2020 IL 125219
Ill.2020Background
- Plaintiff Alexis Dameron sued Mercy Hospital and several physicians for femoral nerve injury after a robotic-assisted hysterectomy.
- Dameron initially identified David Preston, M.D., as a Rule 213(f)(3) controlled (testifying) expert and disclosed he would perform a comparison EMG/nerve conduction study; Dr. Preston performed the EMG on June 2, 2017 and prepared a report.
- Dameron then sought to redesignate Dr. Preston as a Rule 201(b)(3) non‑testifying consultant and refused to produce his report and EMG results; the circuit court ordered production and found Dameron in contempt.
- The appellate court reversed, concluding the consultant work‑product/privilege protected the EMG report and results absent exceptional circumstances and that redesignation was permissible because the expert’s report had not been produced.

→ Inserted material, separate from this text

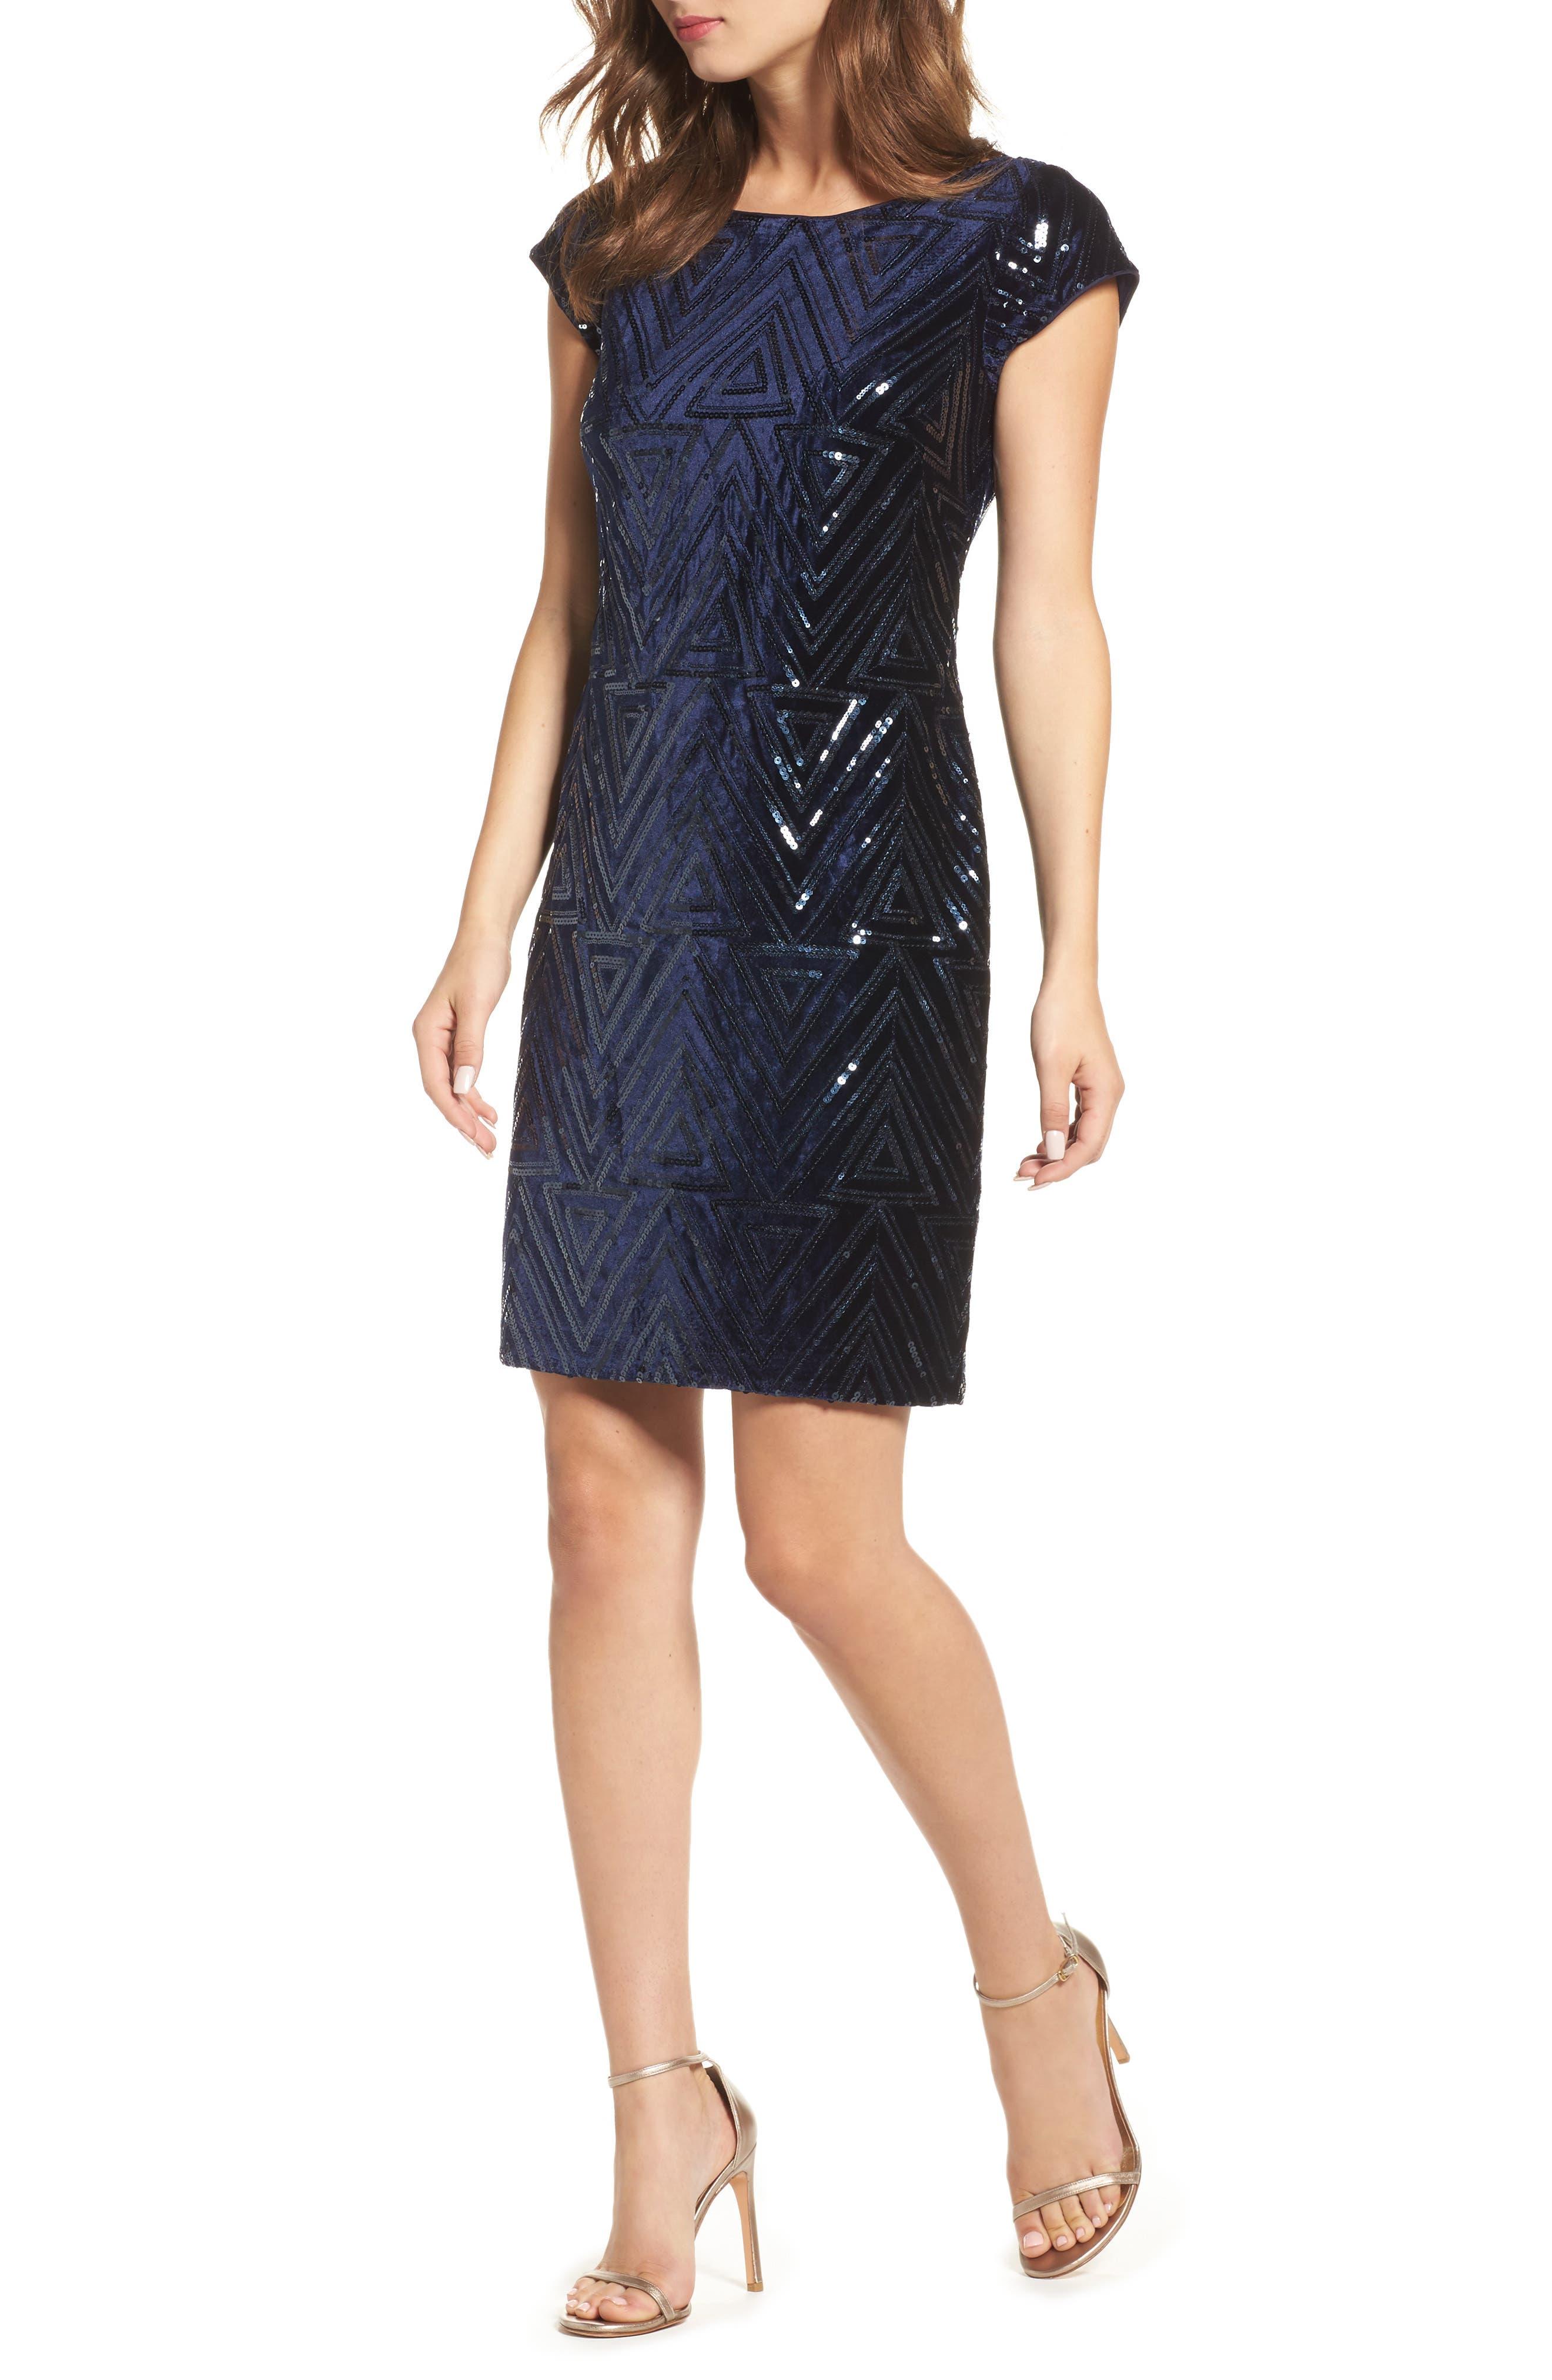 Short Homecoming Dresses Nordstrom 39

- The Illinois Supreme Court affirmed: Dr. Preston was not a treating physician; a party may redesignate a disclosed expert as a consultant before the expert’s report is produced and with reasonable pretrial notice; Rule 201(b)(3) protects both opinions and objective data of a consultant; defendants failed to show exceptional circumstances to overcome the protection.
Issues
| Issue | Plaintiff's Argument | Defendant's Argument | Held |
|---|---|---|---|
| Whether Dr. Preston was a treating physician | Preston was retained for testimony, not treatment | Preston performed an examination/EMG and thus is a treating physician whose records are discoverable | Dr. Preston was not a treating physician; he was retained for testimony |
| Whether plaintiff could redesignate a disclosed expert from Rule 213(f)(3) to Rule 201(b)(3) after disclosure of the expert’s name but before producing a report | Permissible if done in reasonable time before trial and report not produced; defendants had ample notice | Initial disclosure irrevocably binds the party to call the expert and produce reports | Redesignation permitted where the expert’s report was not produced and redesignation occurred with reasonable pretrial notice |
| Whether Rule 201(b)(3) protects the consultant’s factual test results (EMG) as well as opinions/work product | Consultant protection covers identity, opinions, and work product, including objective data, discoverable only on exceptional circumstances | Objective factual test results are not core work product and must be produced | Rule 201(b)(3) protects both opinions and underlying factual data of a consultant; disclosure requires exceptional circumstances |
| Whether defendants showed exceptional circumstances to obtain Dr. Preston’s report and EMG | No exceptional circumstances; defendants could obtain comparable testing or seek Rule 215 exam | The EMG produced unique factual data available only from plaintiff and thus defendants need the report | Defendants did not demonstrate exceptional circumstances; production not required |
Key Cases Cited
- Cochran v. Great Atlantic & Pacific Tea Co., 203 Ill. App. 3d 935 (1990) (distinguishes treating physician from testifying expert based on relationship and purpose)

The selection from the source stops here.